M&As involving “failing firms” can spur competition issues in certain circumstances, the commission says
The New Zealand Commerce Commission (NZCC) is scrutinising M&A transactions involving distressed or “failing” firms, especially in light of the COVID-19 pandemic.
“As businesses continue to navigate through these challenging times, acquisitions of firms in financial difficulty may become more common,” said NZCC head of competition Katie Rusbatch. “These acquisitions involving so-called ‘failing firms’ can be beneficial in terms of saving businesses and jobs. However, in certain circumstances such acquisitions can give rise to competition issues, even where the current viability of one or both merger parties is compromised.”
Such circumstances refer to breaches of section 47 of the Commerce Act; for instance, if the purchaser in question is either a major competitor of the seller or a prospective competitor, customer or supplier.
Latest News
“Administrators and advisers should also be alert to the possibility that a competitor, customer or supplier may be willing to pay a higher price than other potential purchasers to obtain, or enhance, market power,” Rusbatch said.
In considering whether to grant clearance to an acquisition, the commission looks the transaction’s ability to significantly impact competition in the market.
“For example, if a transaction does not proceed, it is possible that a firm and its assets will exit a market altogether.
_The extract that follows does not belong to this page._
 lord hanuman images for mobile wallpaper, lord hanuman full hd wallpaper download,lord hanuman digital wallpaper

In such circumstances, the commission may grant clearance to an otherwise anticompetitive acquisition on the basis that it involves a ‘failing firm’, because there is unlikely to be a material difference in competition in a market with and without the merger,” Rusbatch said.” However, if it is likely a firm or its assets would be acquired by an alternative purchaser, or it could recover (possibly after a period under administration), then the merger will be assessed against a future involving an alternative acquisition, or the status quo.”
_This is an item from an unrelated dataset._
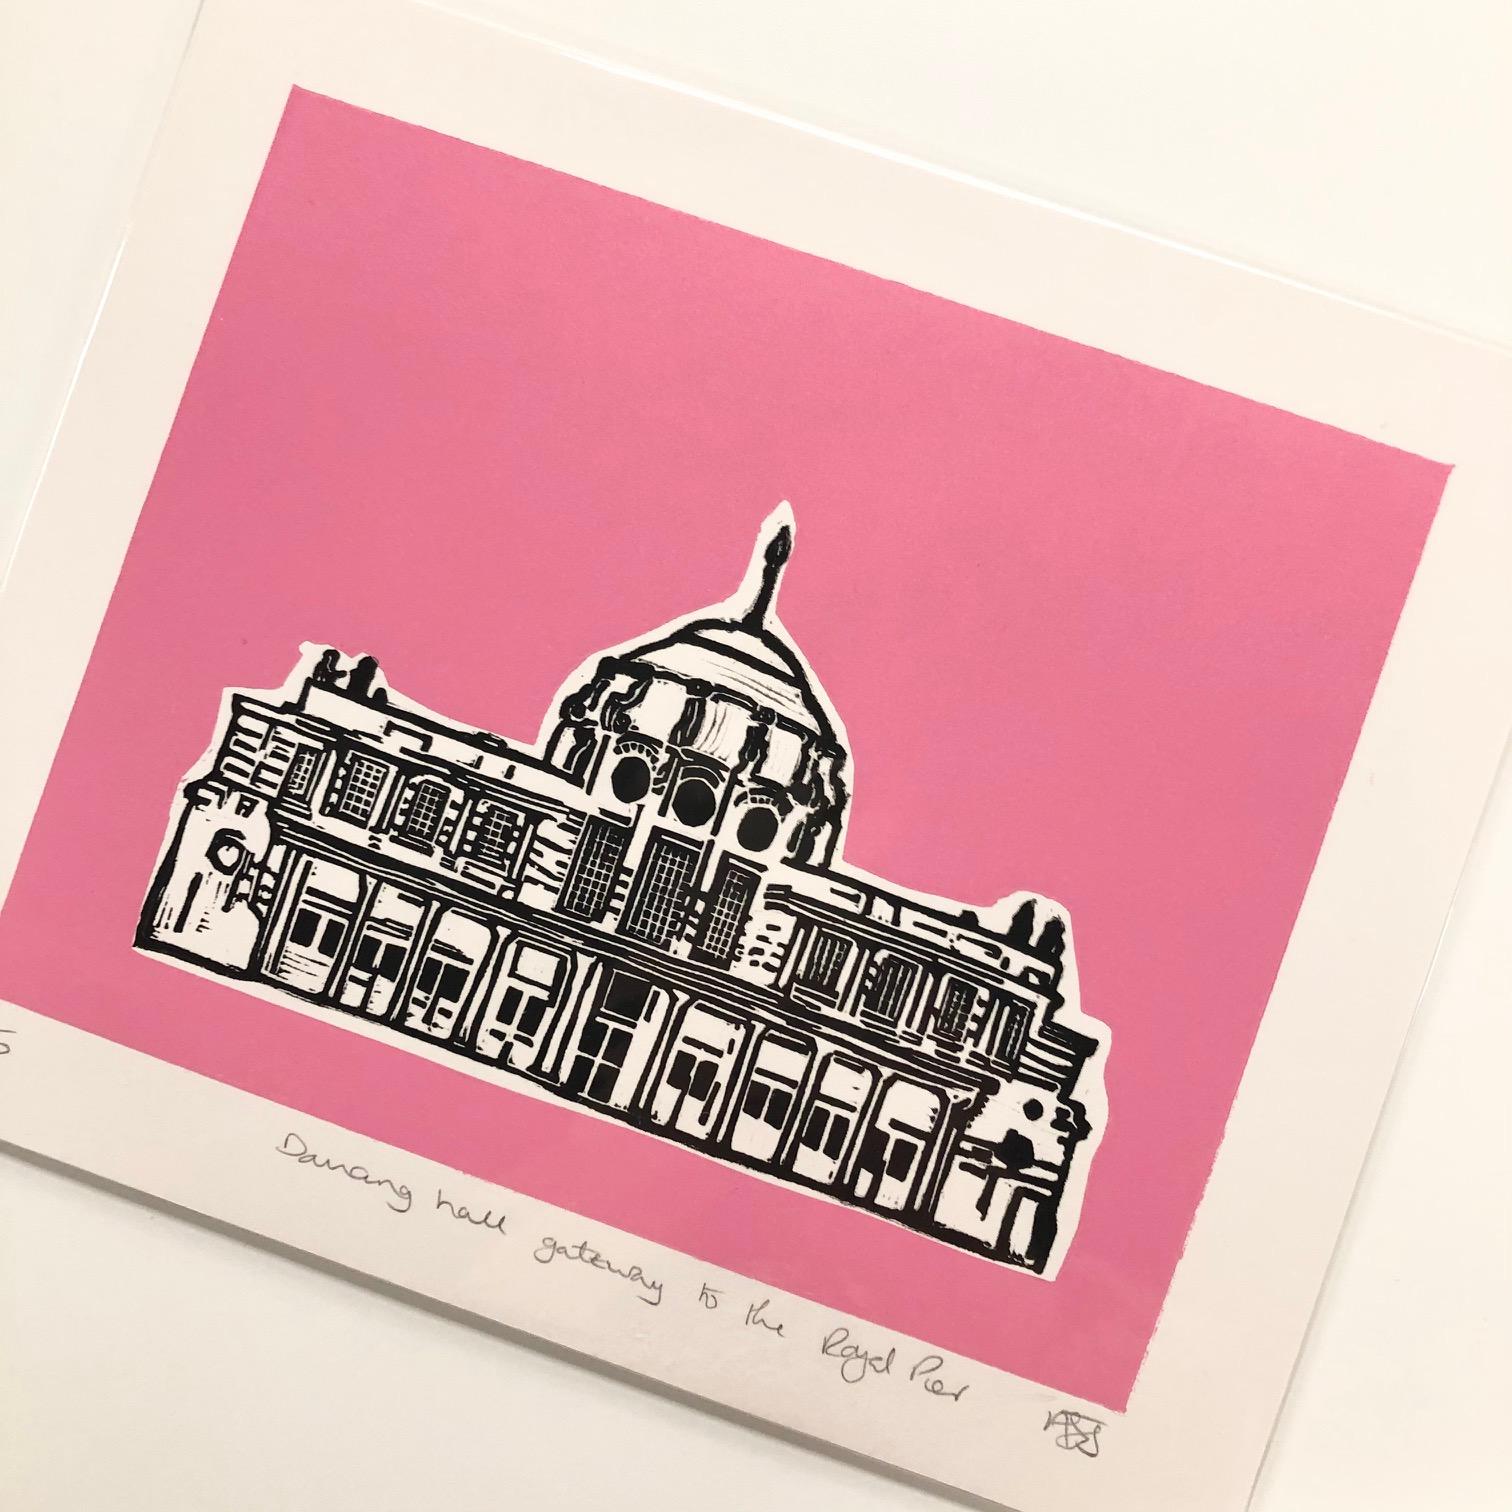 Royal Pier 'Pop' Print by Mandy Smith

She said that the NZCC looks at the following to determine whether a firm is indeed distressed or failing:
- evidence that the firm has been liquidated or placed into administration
- financial statements, management accounts, budgets, and forecasts
- internal documents relating to the viability of the firm or assets
- any plans to restructure or improve performance
- independent appraisals or valuations
- evidence of genuine efforts to sell the firm or assets
- any other offers for the firm or assets, including the identity of other likely purchasers and the timeframe under which an alternative transaction would likely take place
The commission acknowledges the impact of the pandemic on companies, and how it may impede their ability to obtain supporting evidence; thus, requests for clearance are being considered on a case-by-case basis.
“We will have regard as to whether the relevant COVID-19 effects are transient, or more permanent in nature,” Rusbatch said.